[foaf-protocols] First WebID Teleconference minutes (July 27th 2010)
Nathan
nathan at webr3.org
Mon Aug 2 18:04:53 CEST 2010
Melvin Carvalho wrote:
> On 2 August 2010 13:54, Henry Story <henry.story at gmail.com> wrote:
>>
>> In the end what matters is that we can all interoperate, and that we can
>> build cool apps.
>>
>
> +1 to interoperate and apps ...
The interoperability issue transcends WebID though, and WebID only
solves part of a much bigger problem.
Efforts like JSON-LD and XSPARQL and indeed all others aim to address
the other issues in the overall RWW.
IMHO 'WebID' is not one thing, what is commonly referred to now as WebID
and formally as FOAF+SSL is one case for a group of different things.
What is a WebID?
- a WebID is a URI which Identifies an Agent, where upon dereferencing
of that URI you receive machine readable data.
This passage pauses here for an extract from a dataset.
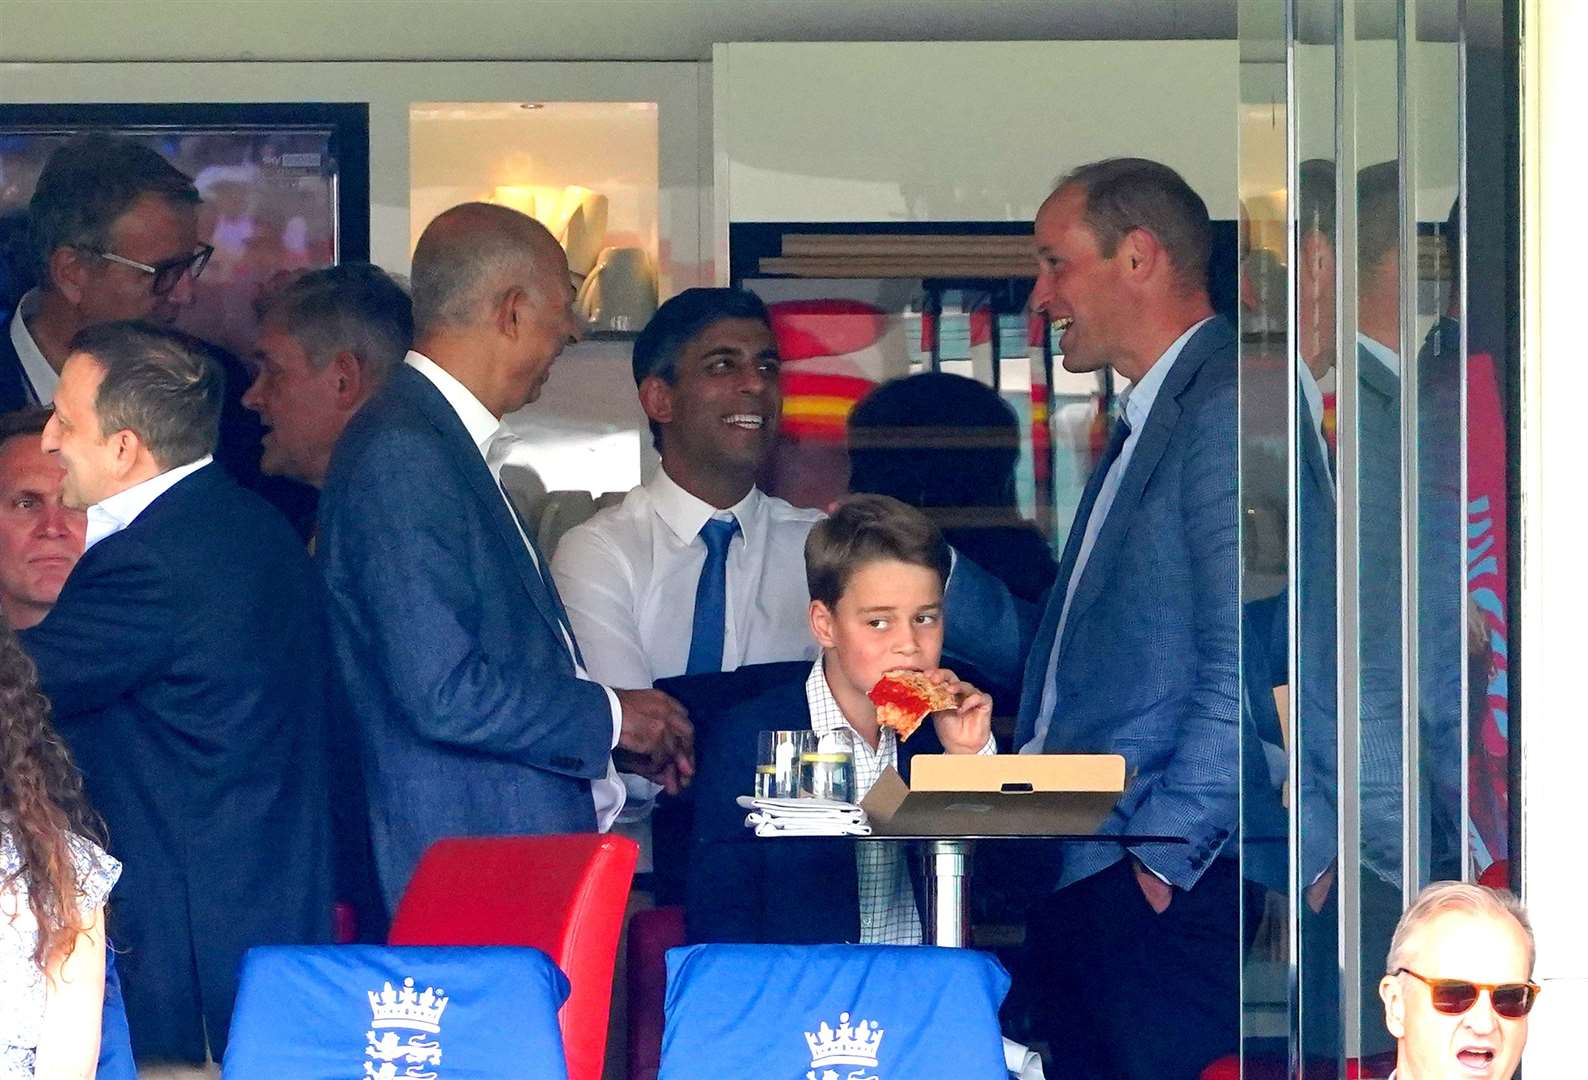 The Prince of Wales chatted to Prime Minister Rishi Sunak while Prince George enjoyed a slice of pizza at the cricket (Mike Egerton/PA)

Also being Human Readable is in some cases beneficial but not required.
What is this protocol?
- A party in a +TLS connection presents a Public Key together with a
WebID, ownership of the Public Key is first established, then ownership
of the WebID is then established.
To me, that's 2 distinct things, WebID needing specified first, then the
protocol specified afterwards.
Anything out with the above comes in to mapping the protocol to specific
set(s) of technologies (like RSAv3 Cert with subjectAltName, like HTTP+TLS)
Further, any stipulation of what classifies as Machine Readable Data (ie
only this or that serialization of RDF can be provided when a 'WebID' is
dereferenced) will further limit and inhibit the protocol (even though
it doesn't feel like it). Again, this can be addressed by providing 1 or
more mappings to common serializations.
I've said this many times, but we're trying to build a stable
interoperable protocol on an unstable foundation. The SemWeb and Linked
Data serialization and format issues are inherited, and that leaves only
two approaches for 'WebID'/this protocol:
1: define most of it as abstract then provide mappings to techs.
2: fix the protocol to a single format of mrd.
2 kinda defeats the purpose unless you tie to RDFa. Anything in between
will pretty much ensure the death of this protocol and certainly ensure
the interoperability is not globally possible.